Am nächsten Morgen müssen Vater und Sohn vor der Abfahrt erst noch den Laternenpfahl vor unserer Haustür inspizieren. Dieser ist total beschädigt und halb umgeknickt. Davor liegen Scherben eines Blinklichtes.
Beide sitzen gerade im Auto, als ein anderer Wagen in unseren Stichweg einbiegt. Vor dem Laternenpfahl bleibt der Unbekannte stehen, blickt sich um, fährt rückwärts wieder raus und biegt in Richtung Stadt ab.
Alles Weitere weiß ich nur aus der Erzählung unseres Sohnes, der nach Schulschluss auf meine Frage, ob er noch pünktlich zu Schulbeginn in der Schule war, Folgendes berichtet:
„Naja, zum Glück konnte ich Papa dazu überreden die Verfolgungsjagd noch rechtzeitig abzubrechen.“
„Welche Verfolgungsjagd denn?“, erkundige ich mich neugierig.
„Also, Papa war der Meinung, sein detektivischer Spürsinn habe ihm gesagt, dass der Mann im Auto heute Früh der Laternenmörder war. Wir haben ihn dann verfolgt.“
Die Tatsache, dass der Verdächtige wohl nicht gerade langsam gefahren war, hatte ihn in den Augen meines Mannes nur noch verdächtiger gemacht.
„Nachdem Papa schon an der ersten Abzweigung zur Schule vorbei war, habe ich ihm erzählt, dass in der ersten Stunde eine Klassenarbeit ansteht. Dann hat er aufgegeben.“
Ich kann mir das Grinsen nicht verkneifen, als ich meinen Mann am Abend auf diesen Vorfall anspreche und er siegessicher meint:
„Das war er! Warum sonst ist er so schnell abgehauen?!“
„Na, vielleicht musste er in die Arbeit!“, antworte ich und füge hinzu:
„Übrigens: Den Laternenpfahl hat ein Müllauto angefahren.“
Somit schwinden für meinen Mann die Chancen auf ein Zweiteinkommen als 2. Sherlock Holmes, denn nicht alle Schnellfahrer, die versehentlich in eine Seitenstraße mit defekter Laterne einbiegen, sind auch gleichzeitig polizeilich gesuchte Laternenmörder.

6 Kommentare

  1. Weißt du Astrid das Leben kann so normal und langweilig sein!

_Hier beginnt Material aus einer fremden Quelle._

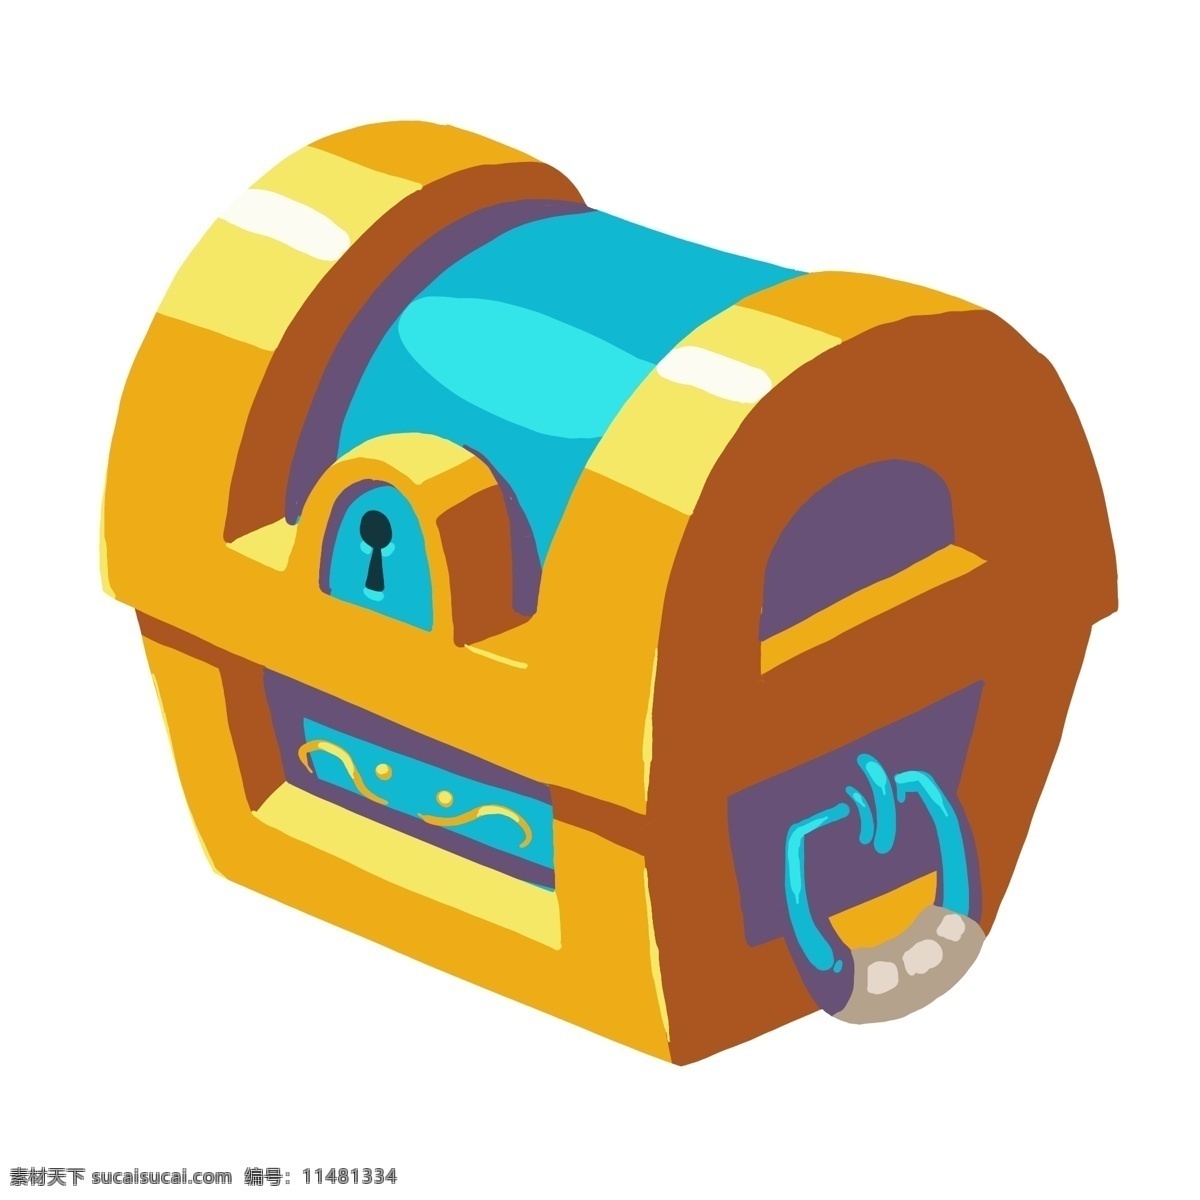 蓝 黄色 宝 箱 图案 插图 大气的宝箱 简约的宝箱 创意 设计宝箱 诱人的宝箱 金融宝箱 时尚宝箱

Dann ist eine unnormale Familie höst abwechslungsreich und spannend. Jeden Tag was neues hihiiii davon kann ich auch ein Liedchen singen. Aber dich Geschichte mit dem Laternenmörder hahahaaaa die Klasse!!! Lg

  2. wer möchte nicht!! in soner Familie leben, das hört sich alles großartig chaotisch und völlig normal an!
    ich hab – echt – laut gelacht, dazwischen geschmunzelt als ich weiterlas (wollte schliesslich wissen wie es weitergeht und zum schluss – bestätigend genickt.
    Du kannst erzählen…!
    herrlich….
    vergnügliche Geschichten, sie entstehen aus deiner feder, man merkt genau wie viel Spass es dir gemacht hat, sie zu schreiben…..
    herzlichst Angelface

    • Astrid Berg sagt

      Liebe Angelface,
      wenn Du noch mehr über meine chaotische Familie erfahren willst, in diesem Blog findest Du immer wieder lustige Geschichten über meine Familie. Ich erinnere z.B. nur an „Mensch ärgere Dich nicht!“, denn auch hier geht es etwas chaotisch und lustig zu.
      Ich wünsche Dir auch weiterhin viel Spaß beim Lesen meiner Geschichten.